Task brief
From top to bottom, return the listing exactly as it appears, omitting its images.

Data section
▬▬▬▬▬▬▬▬▬▬
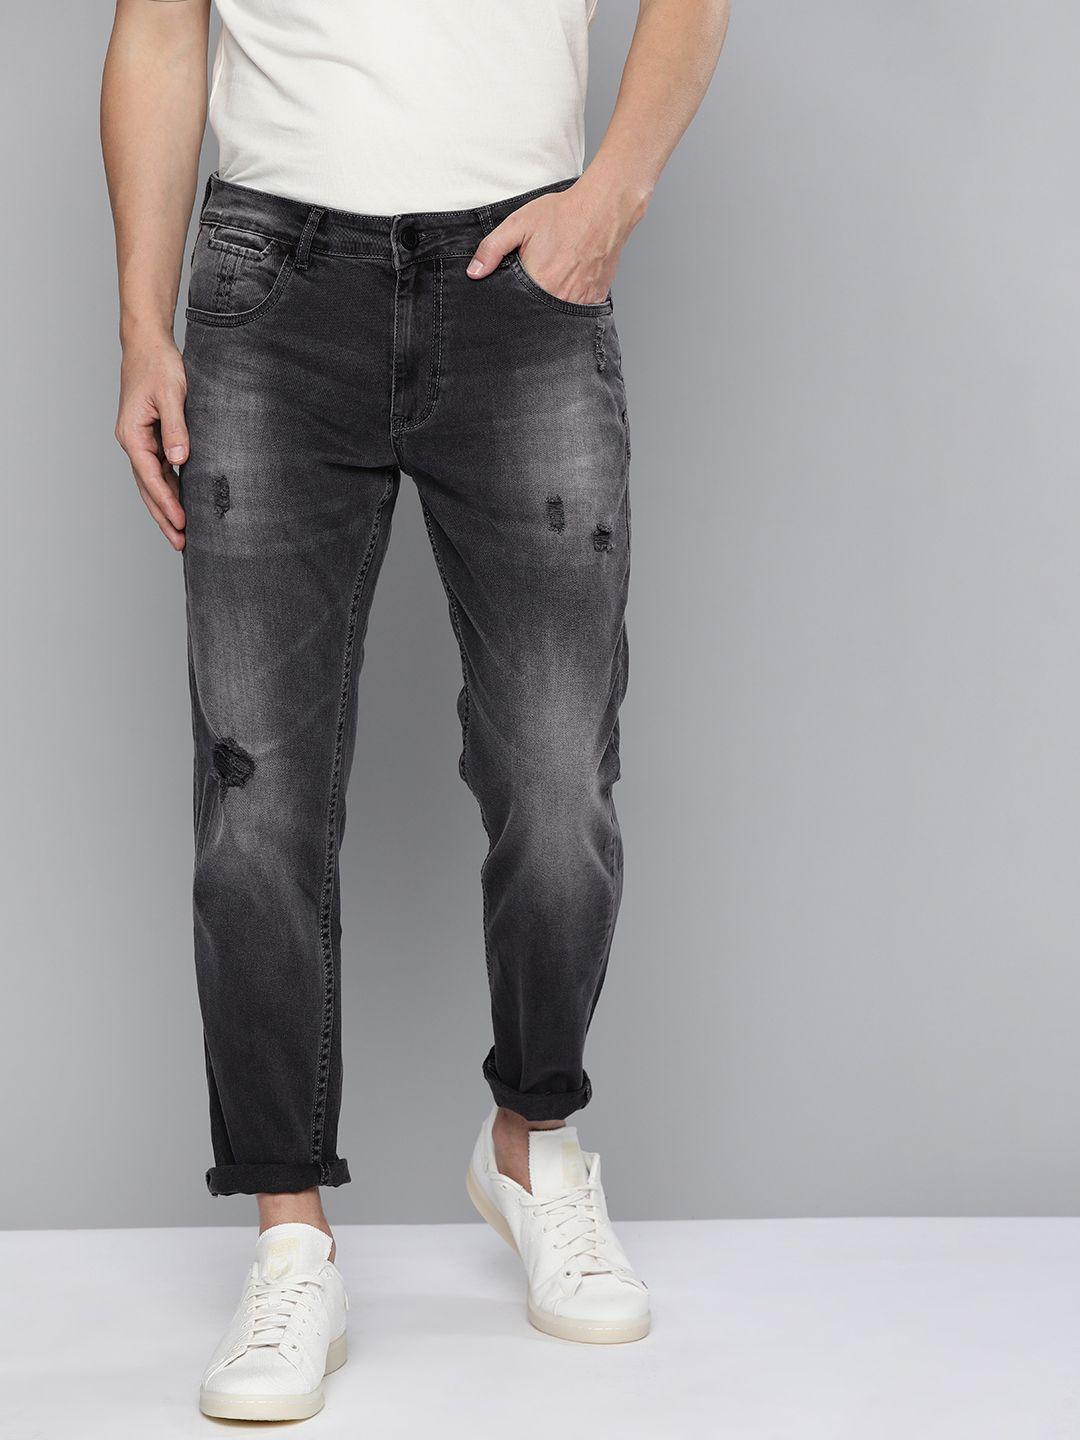 mast & harbour men black carrot fit mildly distressed heavy fade stretchable jeans
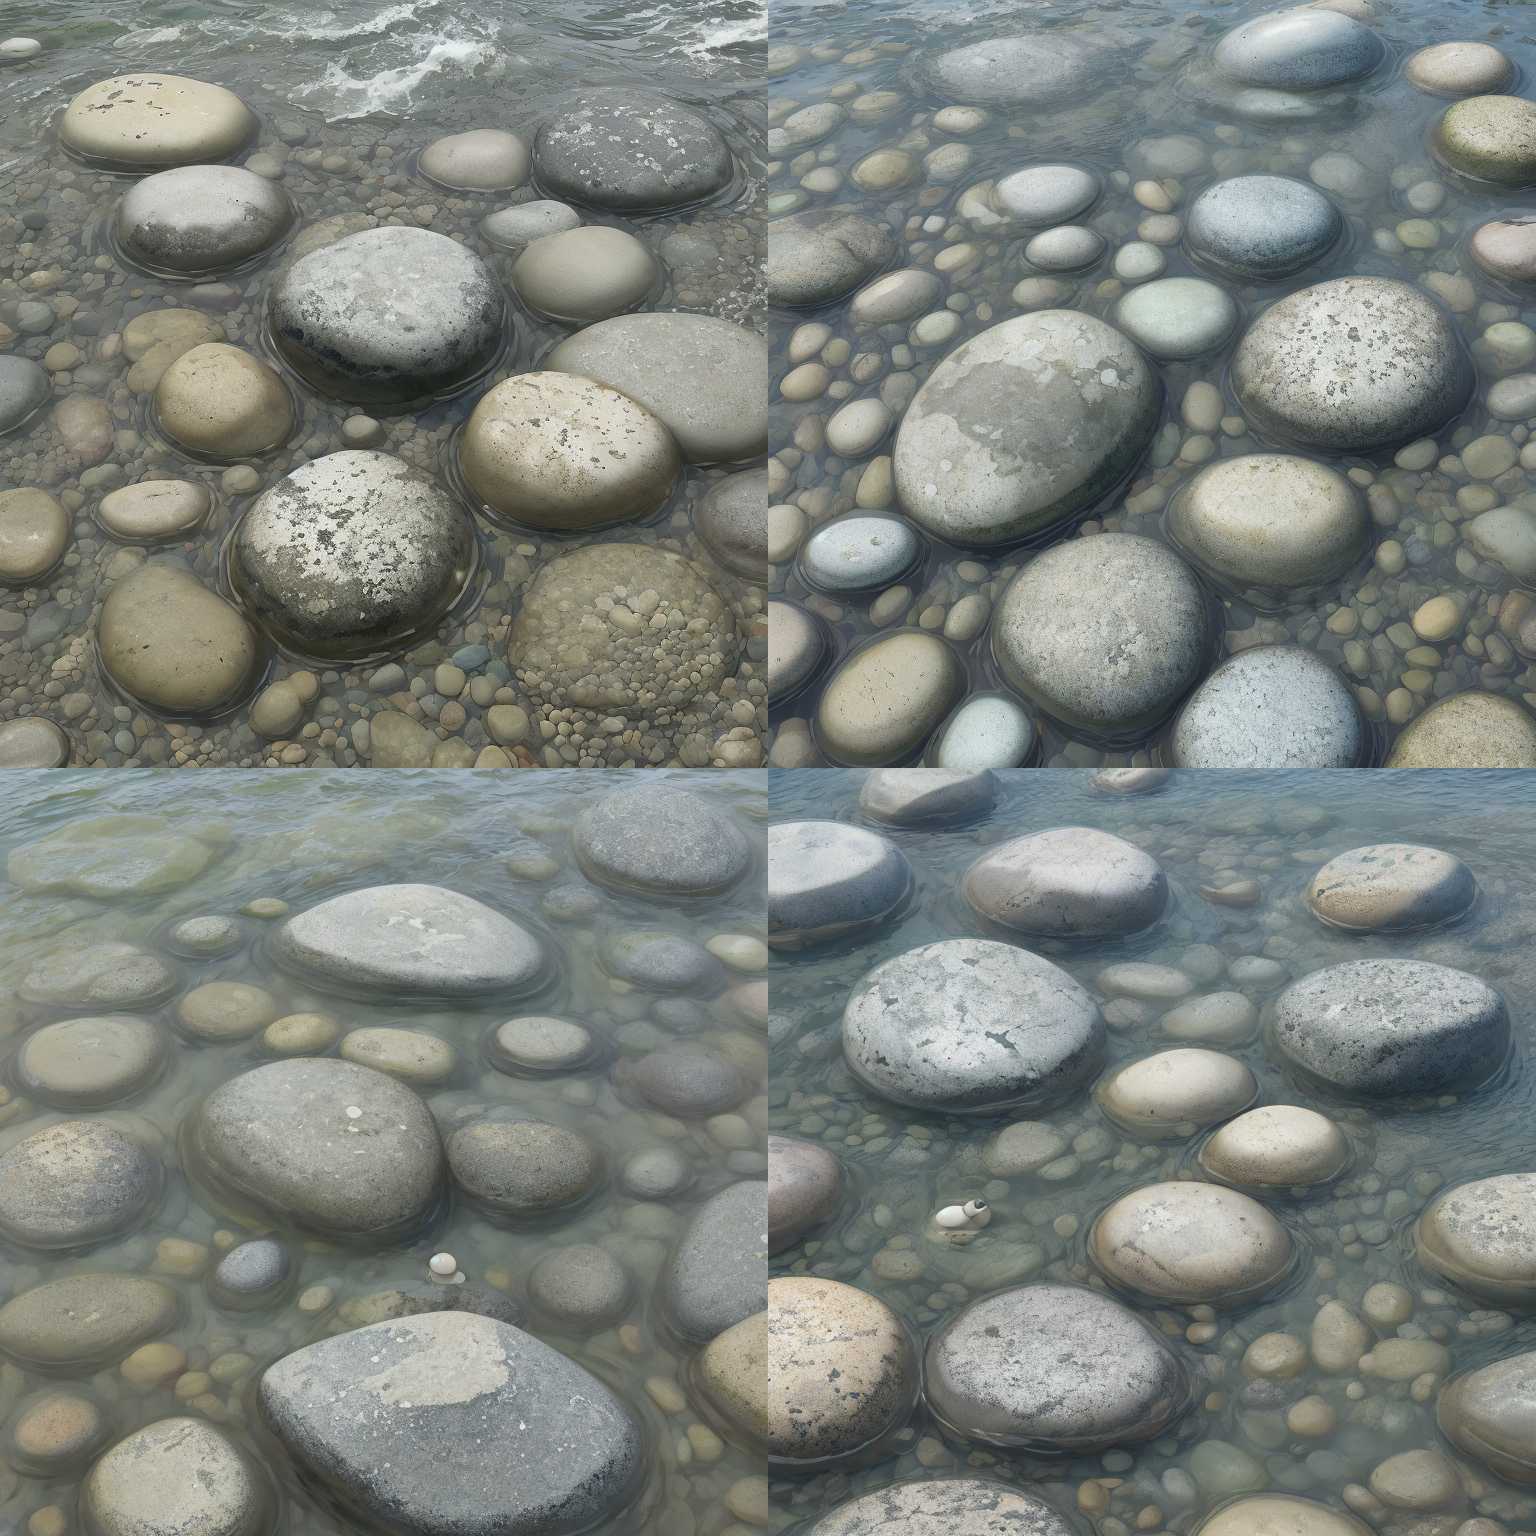 A pebble in the water
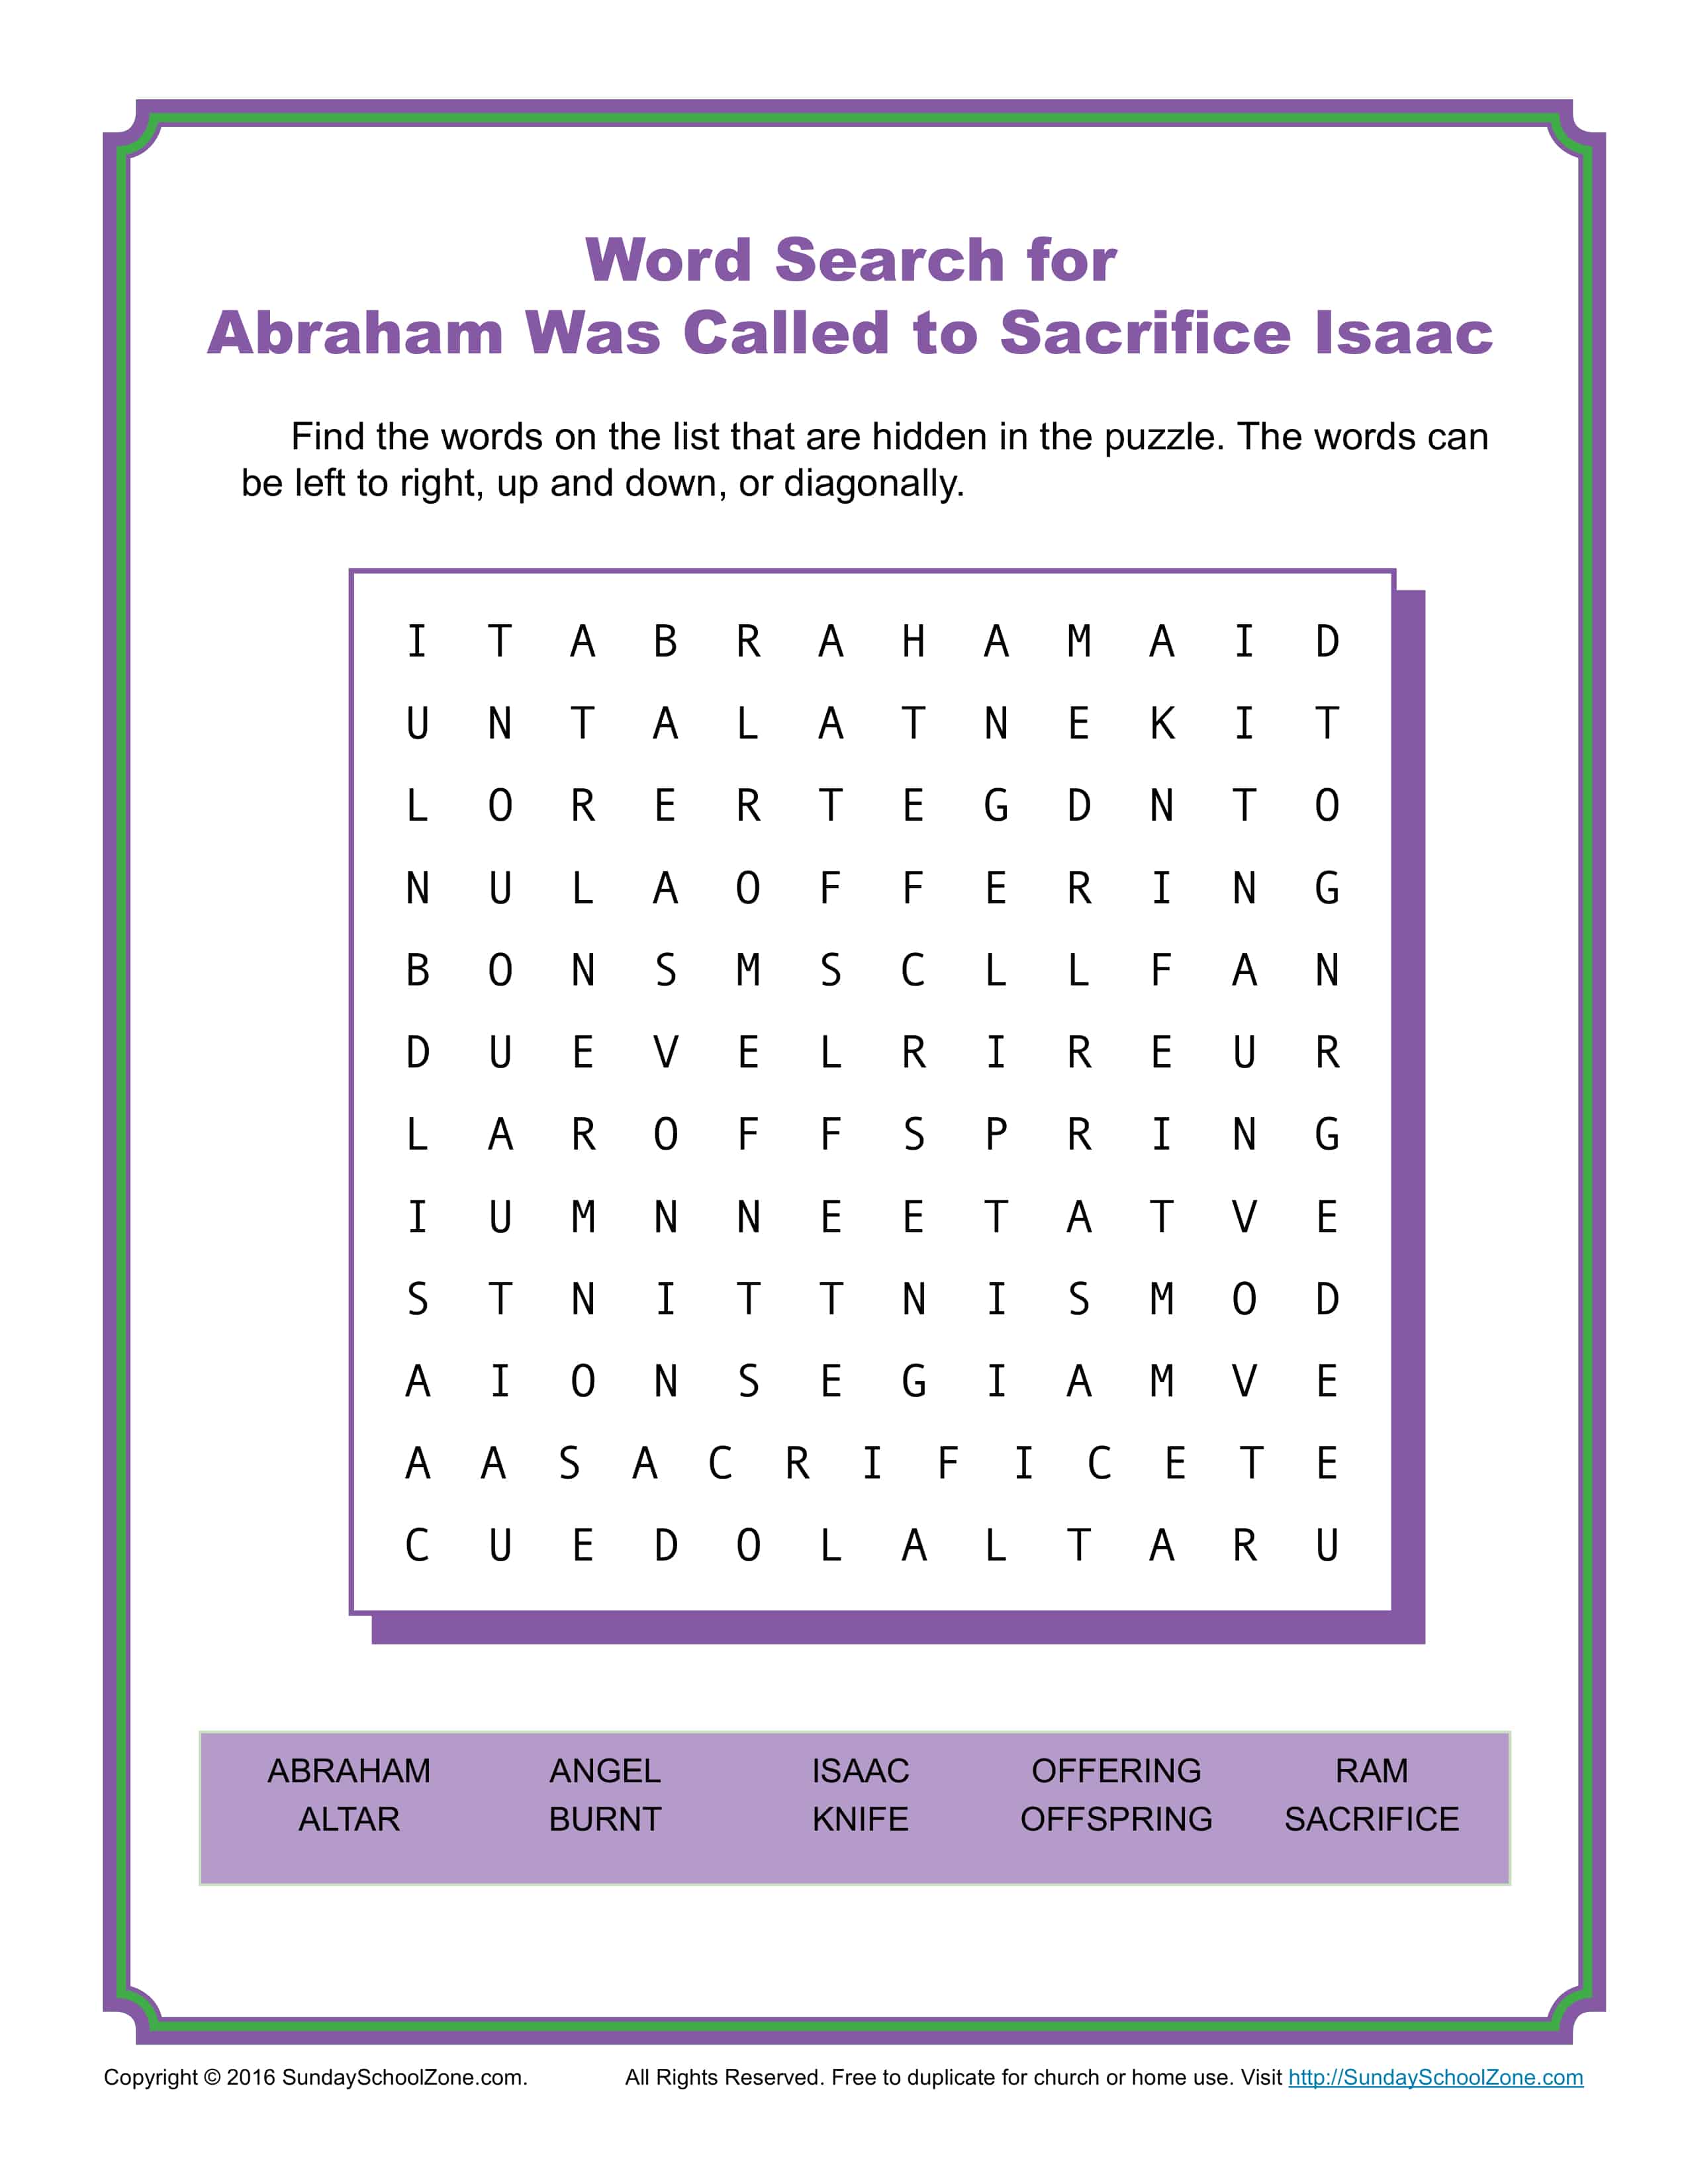 Abraham Was Called to Sacrifice Isaac Word Search - Children's Bible
▬▬▬▬▬▬▬▬▬▬
Your response
 mast & harbour men black carrot fit mildly distressed heavy fade stretchable jeans
 A pebble in the water
 Abraham Was Called to Sacrifice Isaac Word Search - Children's Bible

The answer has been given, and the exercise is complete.